Here. Have a bat," I said. I held one for Tobias. I wasn't afraid of bats. I'd been one.

"Thanks."

"Watch out, he'll eat it," Marco said.

"You know," Jake said in a conversational tone as we waited for Tobias to acquire the bat, "from the point where Edelman said 'maple and ginger oatmeal,' I should have known this was going to end stupidly."

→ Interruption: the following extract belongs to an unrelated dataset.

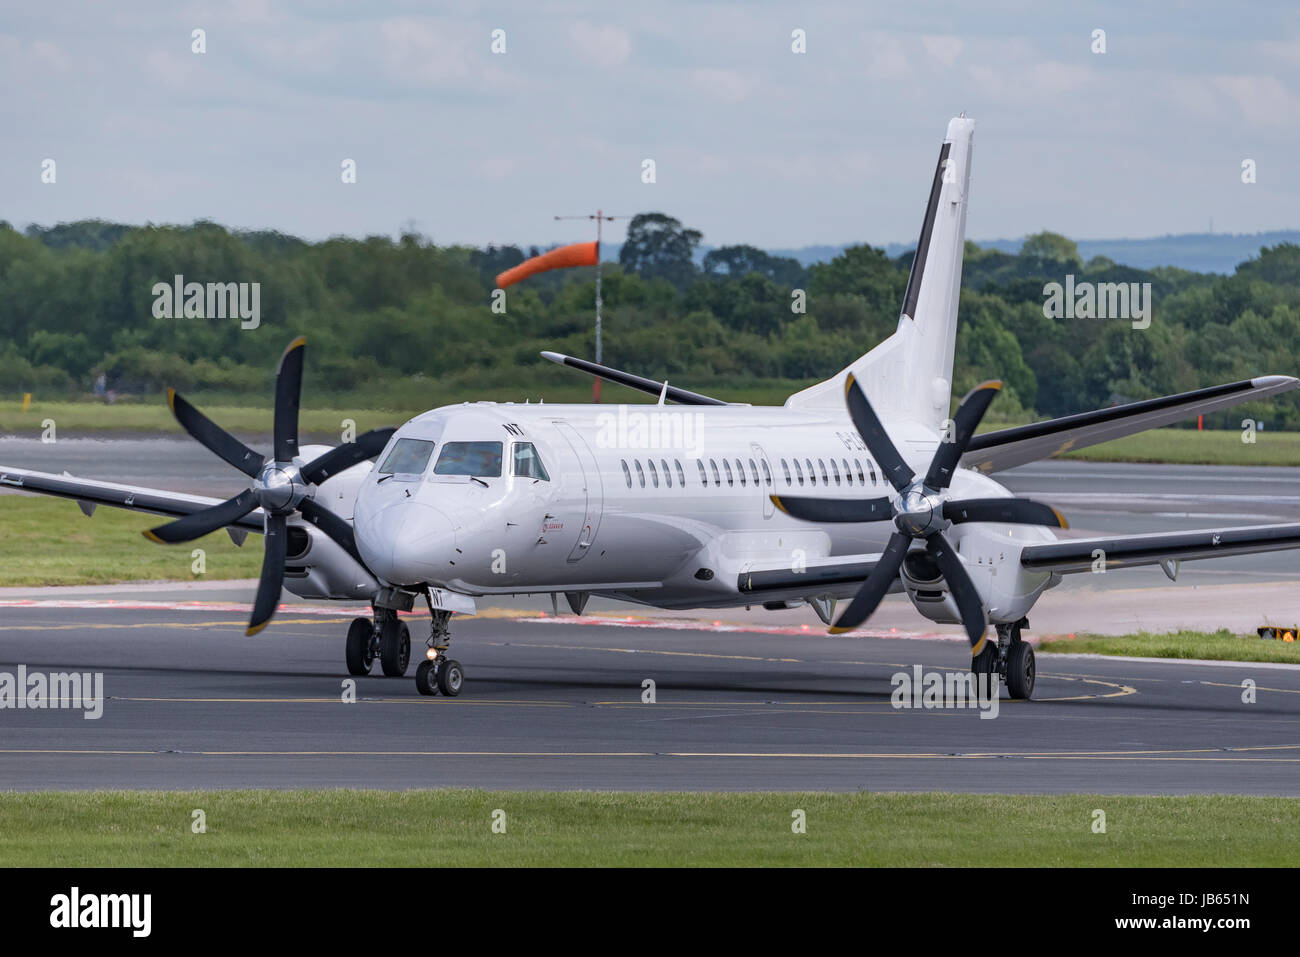 Aircraft Manchester airport Loganair turboprop - Stock Image

"Instant maple and ginger oatmeal," Cassie said.

"Battles that involve oatmeal are just never going to end up being historic, you know?" Jake went on. "Gettysburg? No major oatmeal involve-ment. The Battle of Midway? Neither side used oatmeal. Desert Storm?

No oatmeal."

"Excuse me, but what is oatmeal?" Ax asked.

"It's a kind of food," Cassie explained.

"Is it tasty?"

"You can think about food here? Here?" Marco said. "In bat-poop land?"